Boyd Gaming Corp., which owns Main Street Station, has a fleet of 12 bicycles for its 30-member security staff for its other casino properties, Butac said. All 30 security officers take shifts on the Cannondale mountain bikes, he noted.

The Las Vegas Convention Center has 14 security officers on bikes patrolling its sprawling property. Ray Suppe, the security director of the Las Vegas Convention and Visitors Authority, which runs the convention center, was the agency’s maiden bicycling patrol officer in 1998.

The authority’s bicycling officers even include a certified bicycle instructor who holds classes for casinos such as M Resort and South Point, Suppe said.

Jason Holmes, an authority security officer who has been on his bicycle for the last three years, said he offers not only security but also public relations for the convention visitors.

“It’s a good conversation piece,” Holmes said. “People will say, ‘Hey, I like your wheels or frame.’ It’s an opening to start a conversation.”

Las Vegas has a rich history of officers on bicycles, said former Clark County Sheriff Bill Young, who now serves as vice president of corporate security at Station Casinos. Young joined the casino operator after serving as county sheriff from 2003 to 2007.
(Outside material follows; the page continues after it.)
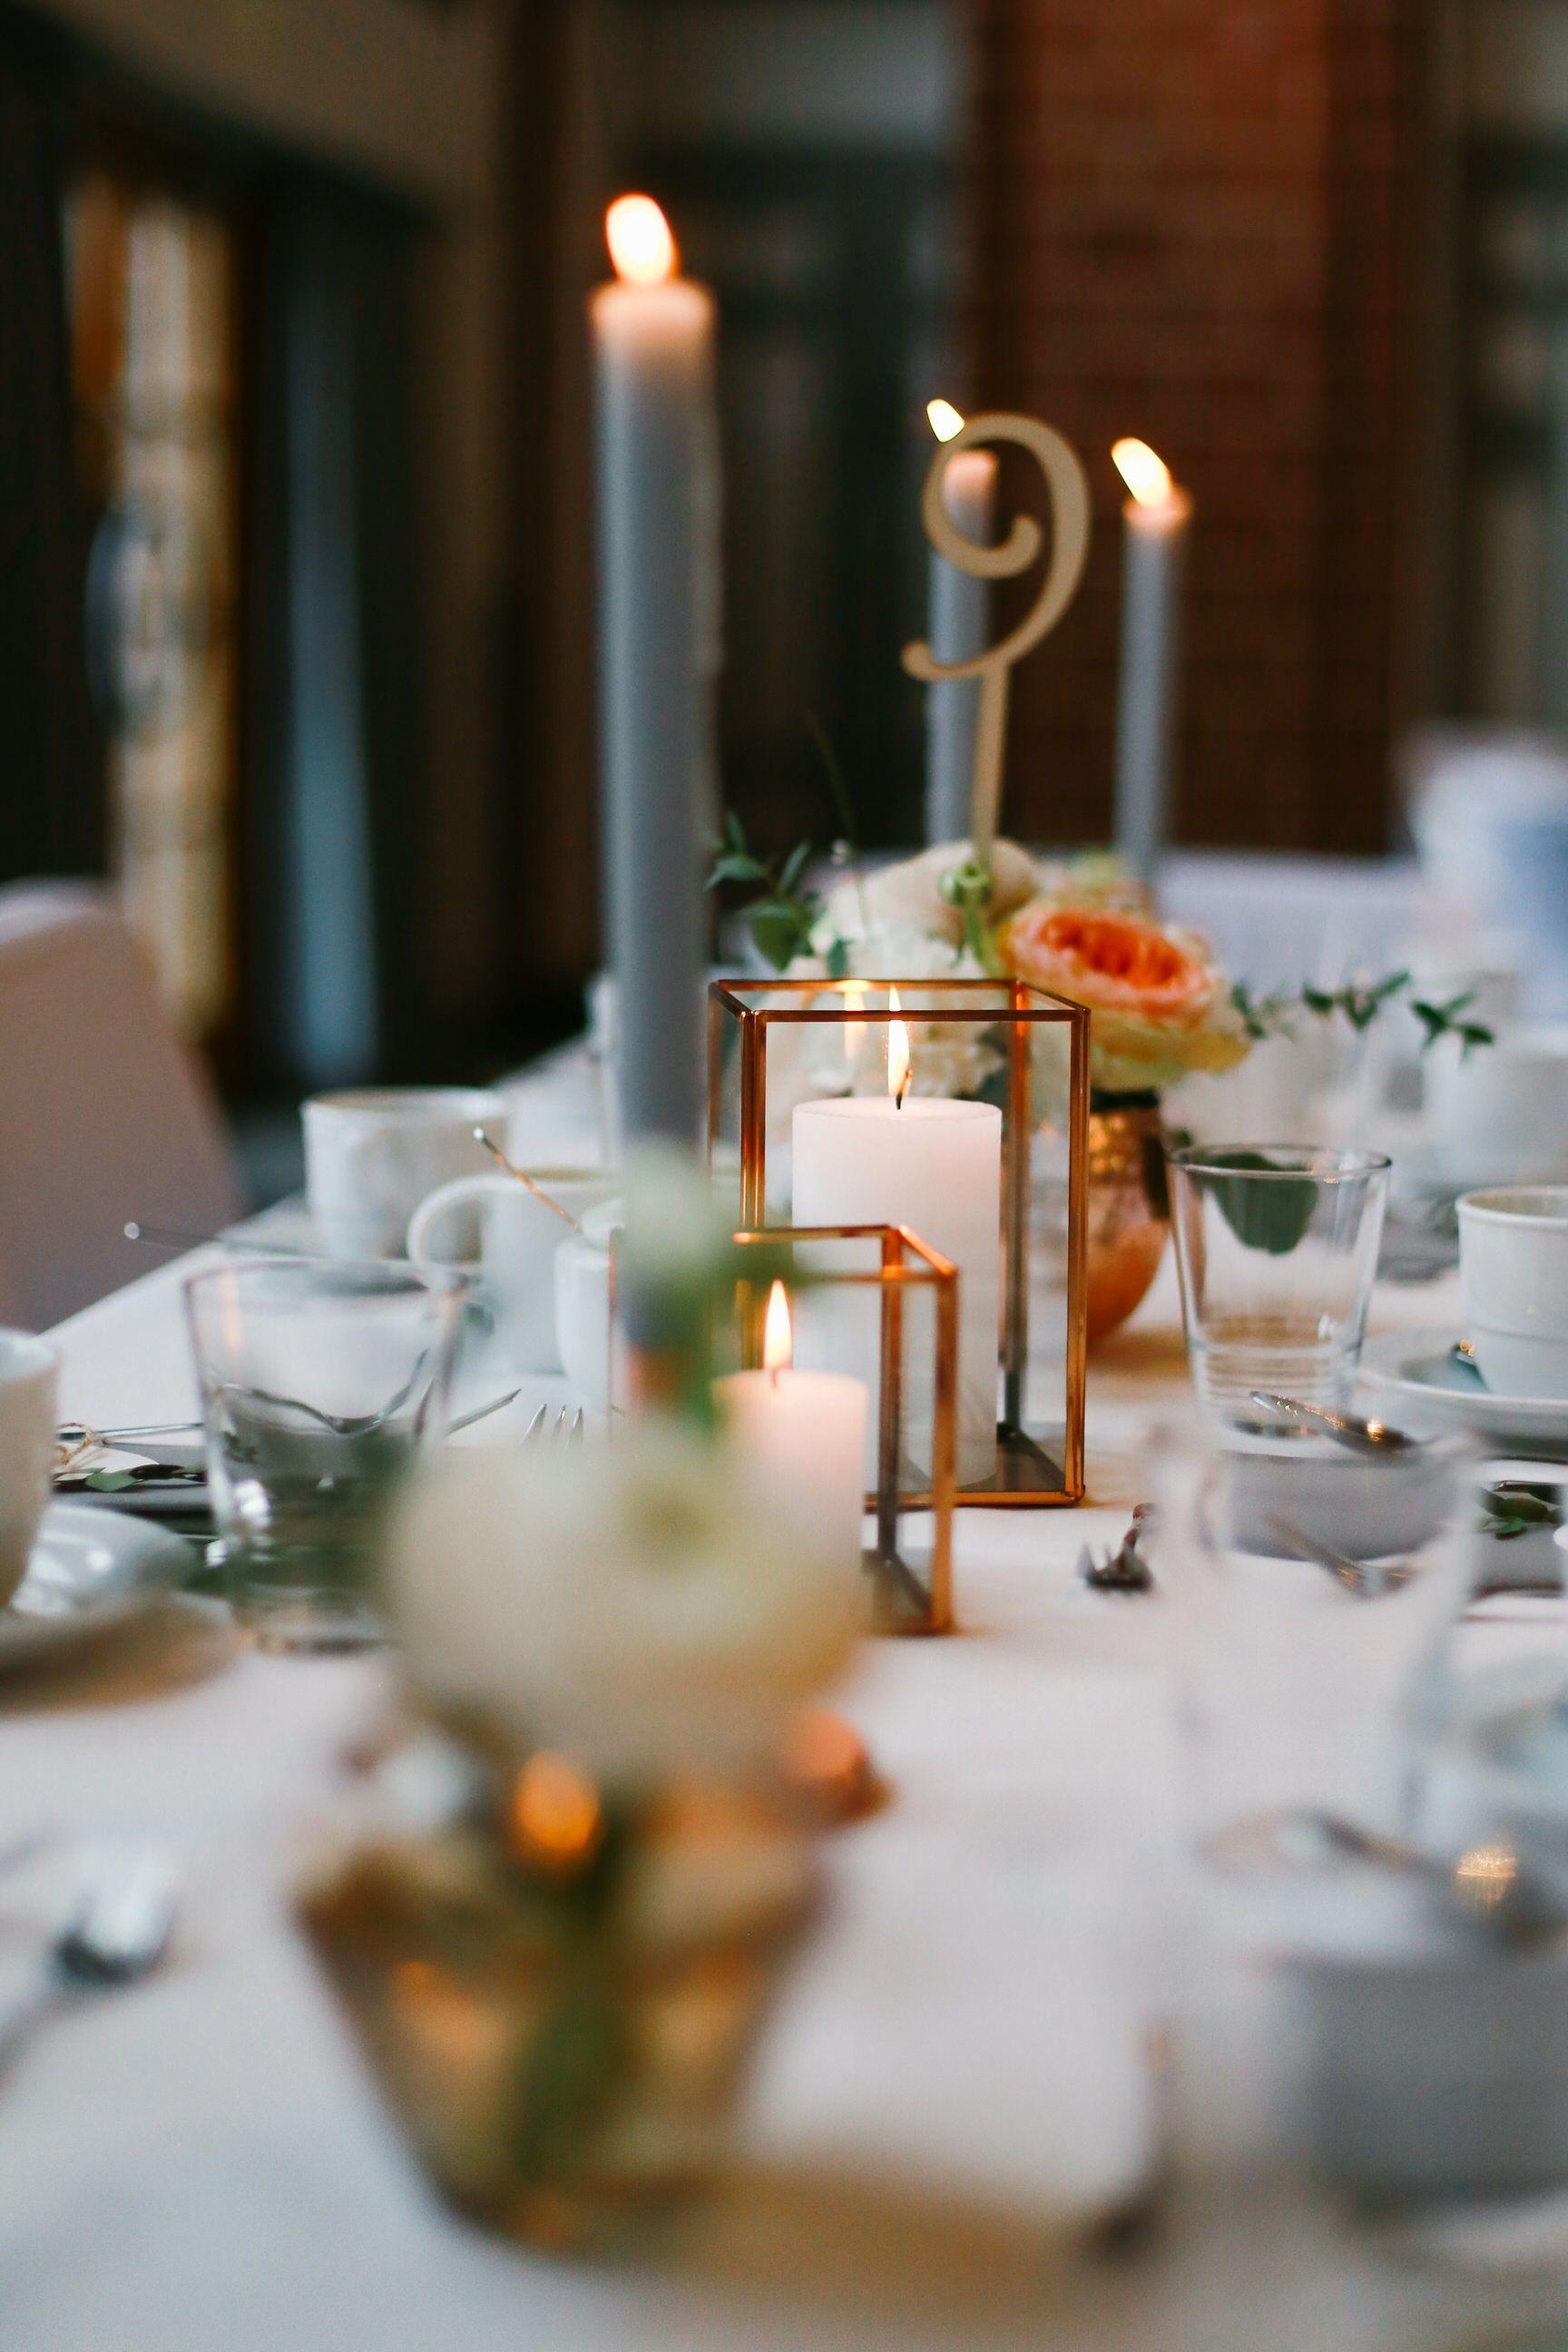 dekoration tischdeko kupfer rustikal hochzeit blumen kerzen eukalyptus copper. Black Bedroom Furniture Sets. Home Design Ideas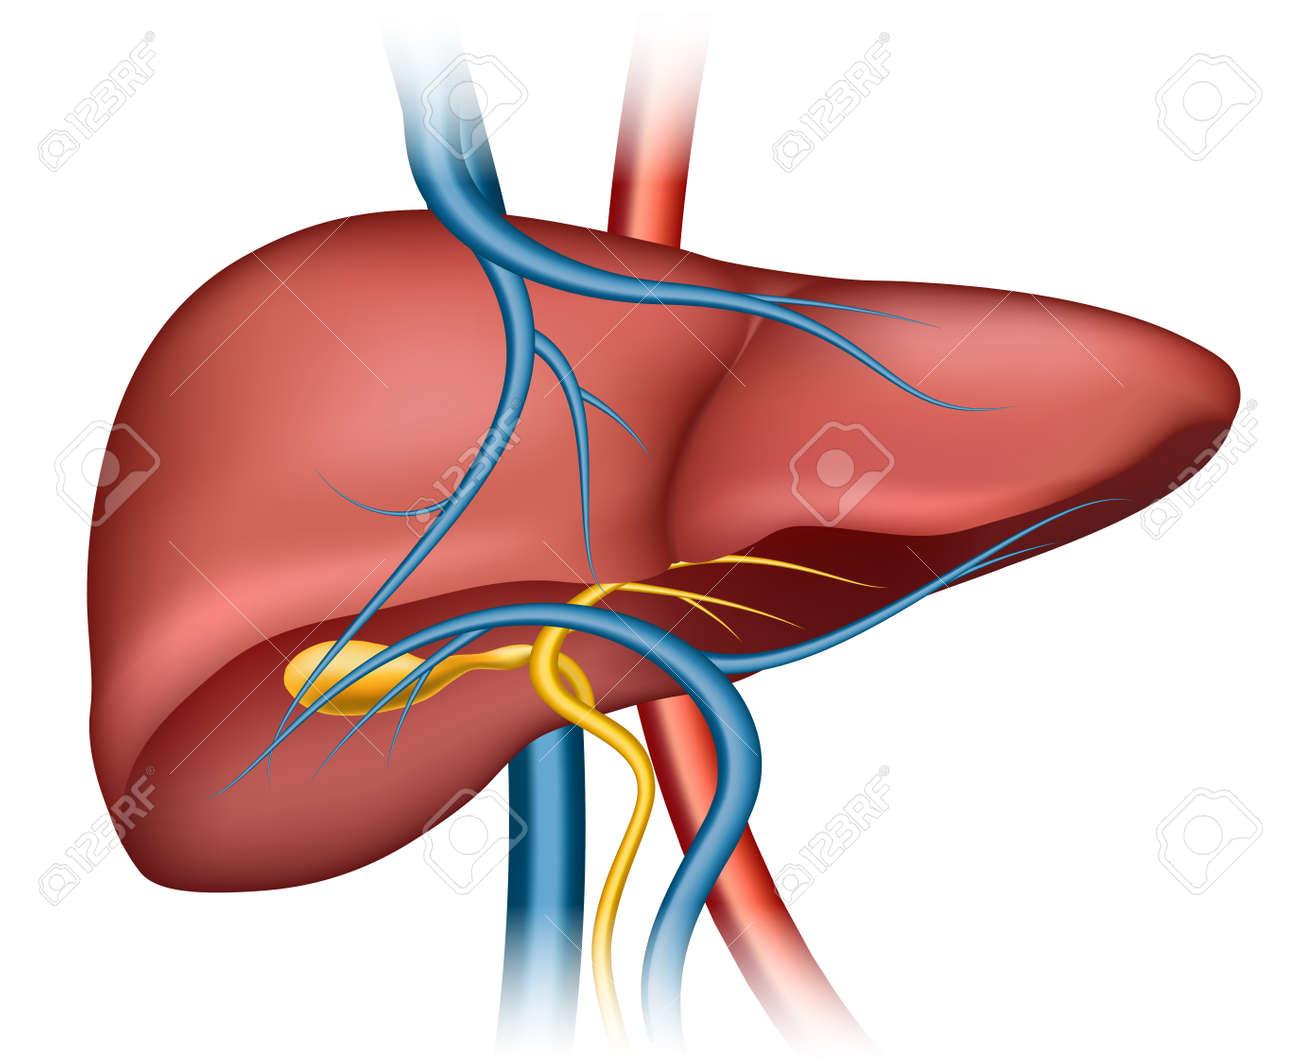 Human liver structure. Organ human, medical science, health internal, vector illustration - 166759678

Young said bicycle policing dates back to the 1980s, when officers on bikes roamed the Strip.

“It was the ease of getting around traffic. You can zip around cars and work that space between the car and the sidewalk,” Young said. “The mobility of that became a beautiful thing.”

That’s why 10 percent of the Station Casinos security force patrols the company’s properties on two wheels, he said. Bicycle patrols are a great deterrent against criminals casing parking lots to scout for cars containing laptops, cellphones or pocketbooks.

“The visibility is right there for the bad guys to see. The bad guys see officers on bikes zipping around the parking lots and leave,” Young said. “They’re a good law enforcement tool.”

Young said these roving security officers play a customer service role, too.

They help elderly people get their wheelchairs out of their cars or help guests find their vehicles in the sea of asphalt that functions as the parking areas.

“Those nice touches are a good point to connect with guests,” Young said. “We train our bicycle officers to look for that. And if they see a guy who doesn’t belong there, we like them to make contact with them, too.”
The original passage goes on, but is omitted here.